Data section
+ + +
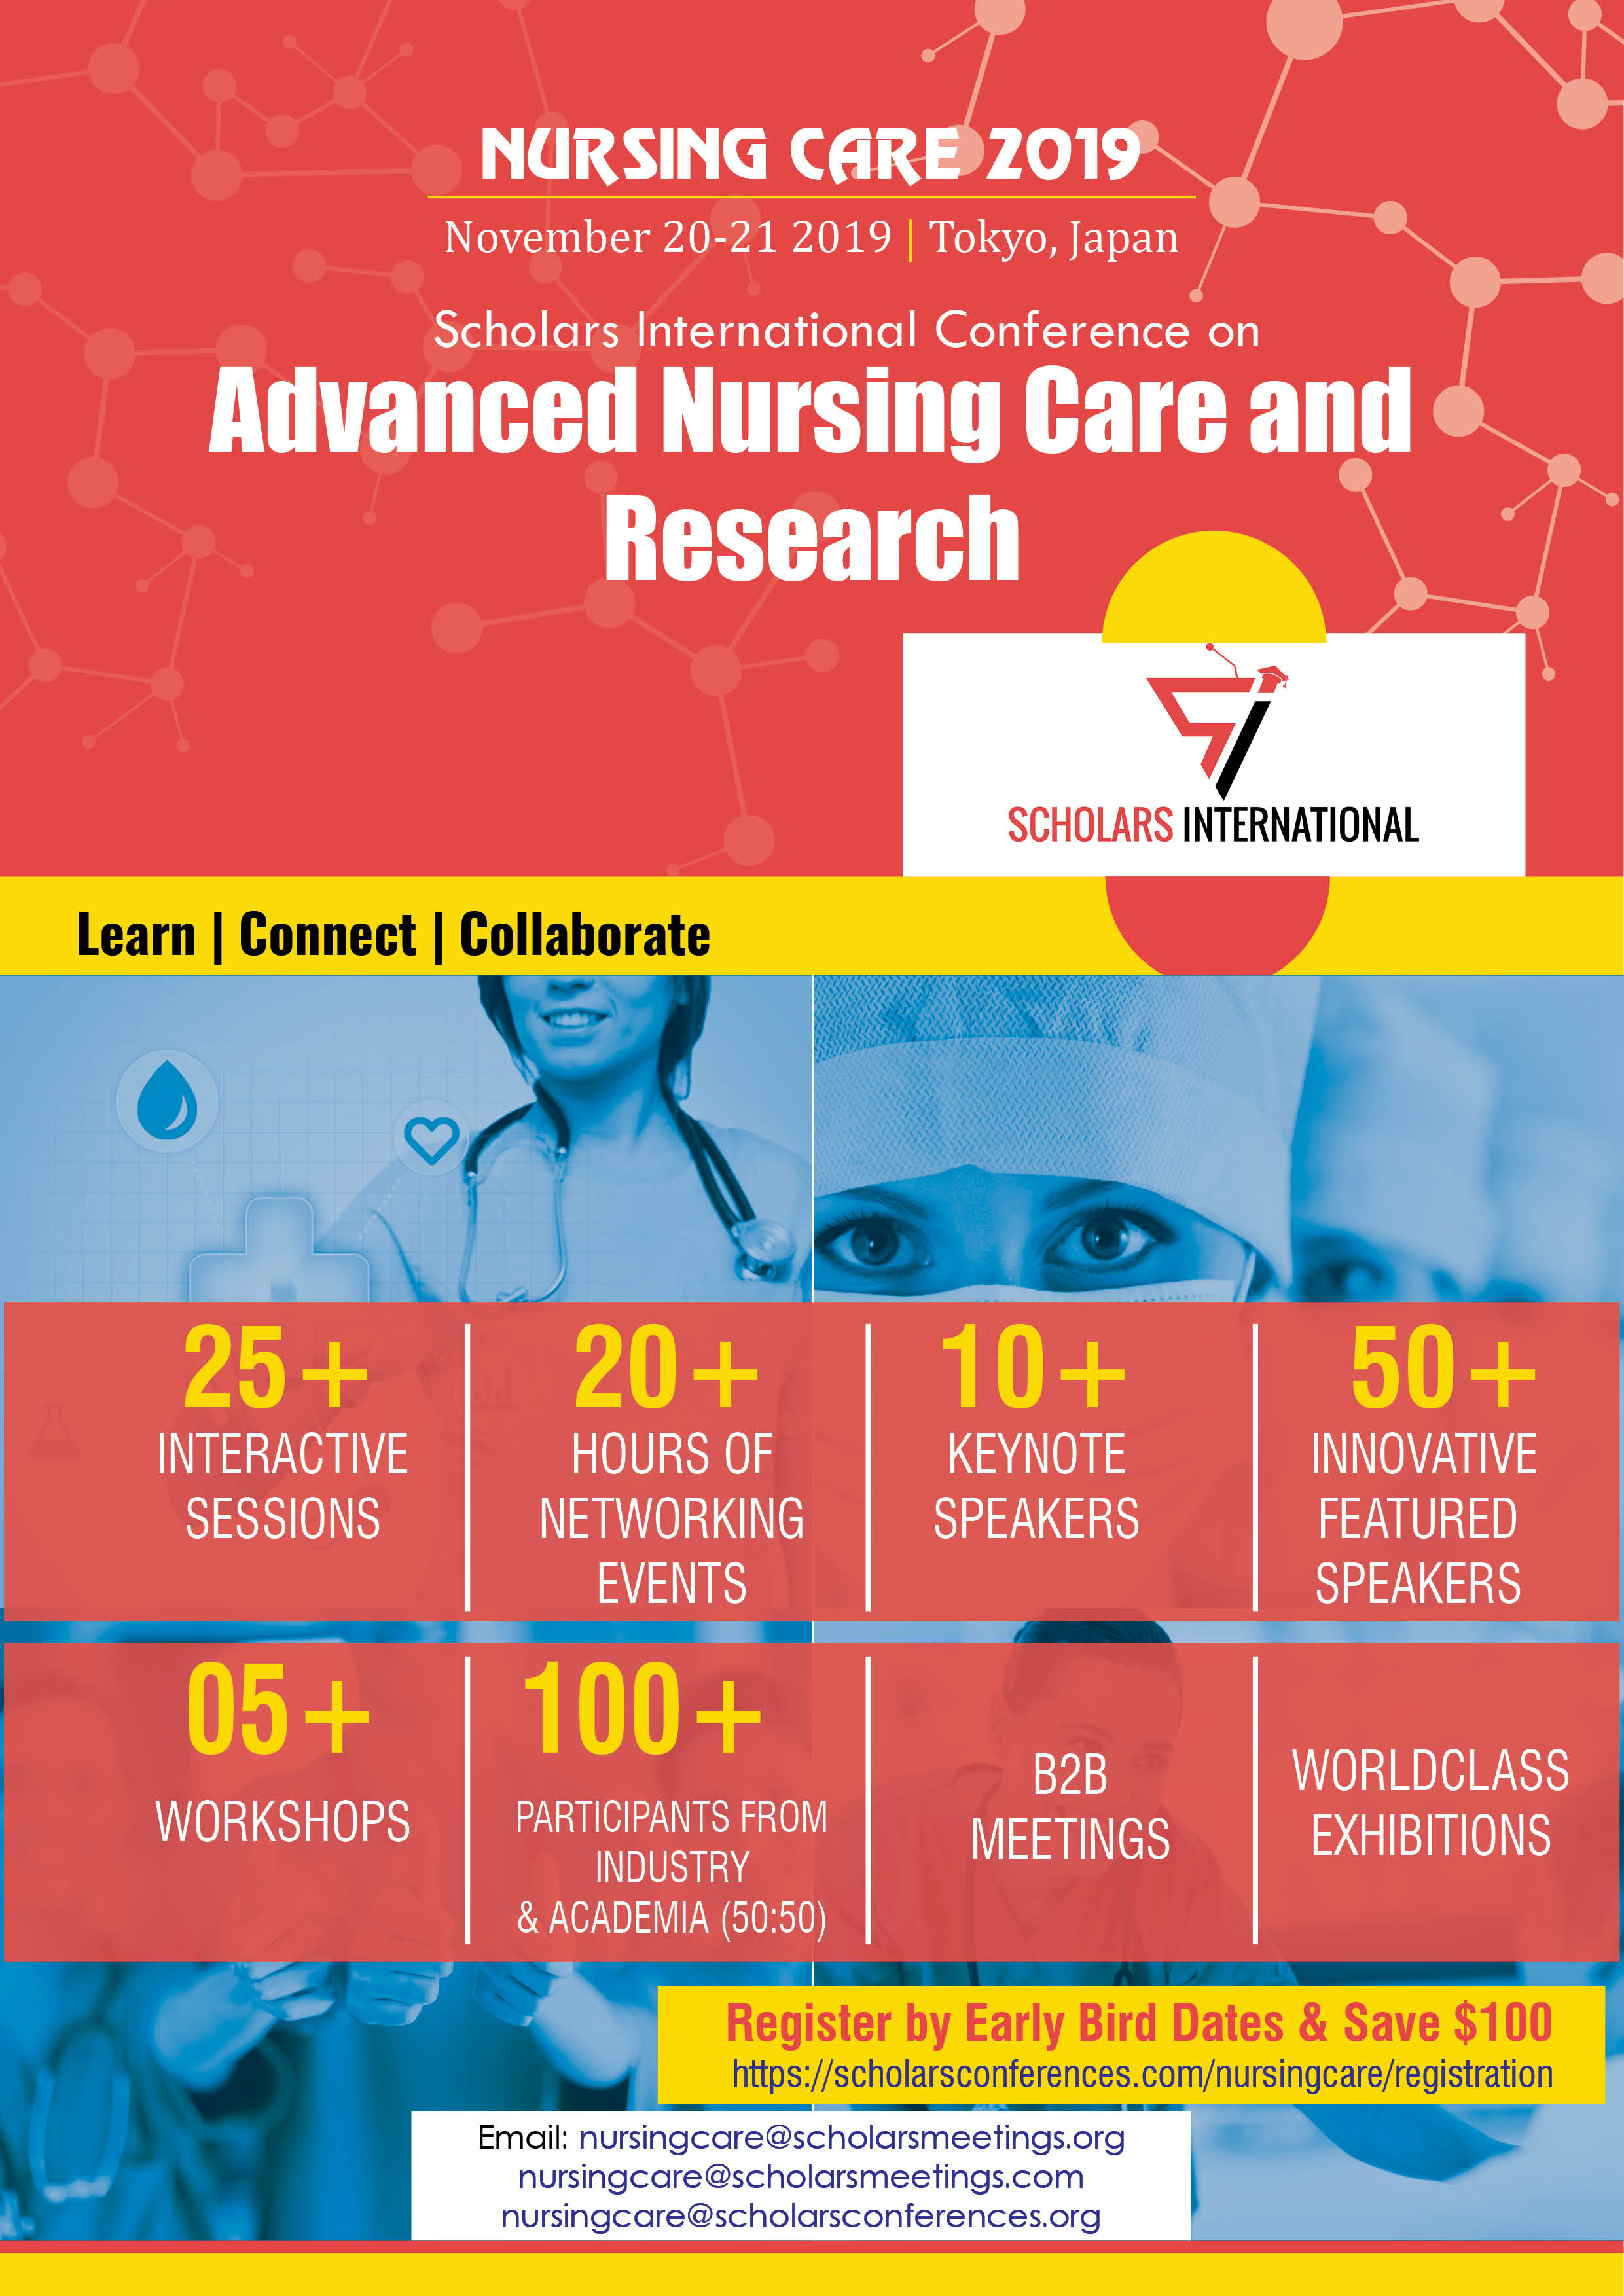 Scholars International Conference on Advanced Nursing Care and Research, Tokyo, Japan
+ + +
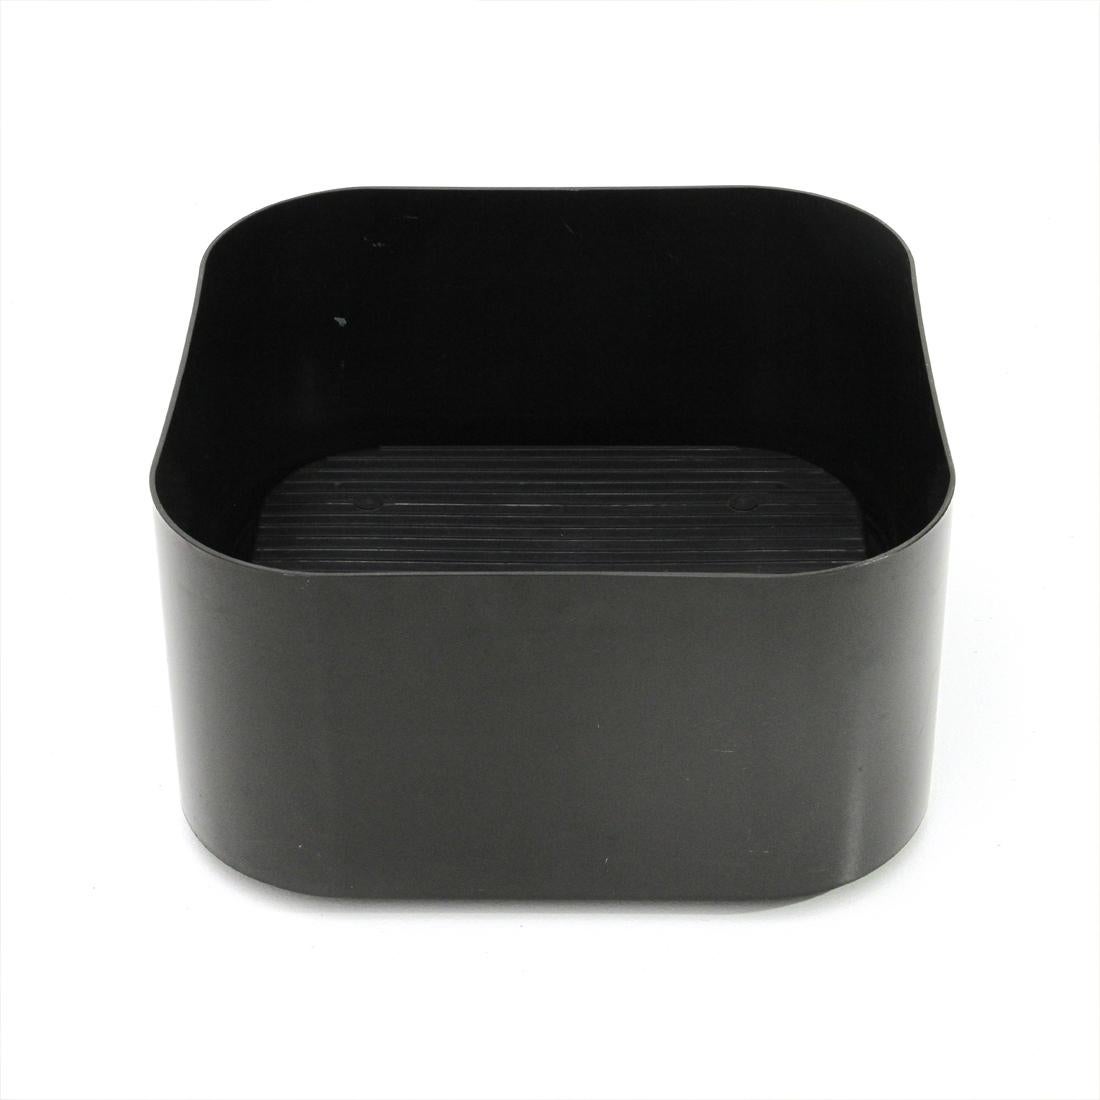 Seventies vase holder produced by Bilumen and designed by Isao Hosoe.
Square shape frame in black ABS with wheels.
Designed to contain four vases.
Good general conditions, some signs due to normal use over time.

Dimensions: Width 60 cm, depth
+ + +
Task statement
The required output is every line above from the one with "Designed to contain four vases." down to the one with "Dimensions: Width 60 cm, depth", restated word for word, ends included.

Output of the exercise
Designed to contain four vases.
Good general conditions, some signs due to normal use over time.

Dimensions: Width 60 cm, depth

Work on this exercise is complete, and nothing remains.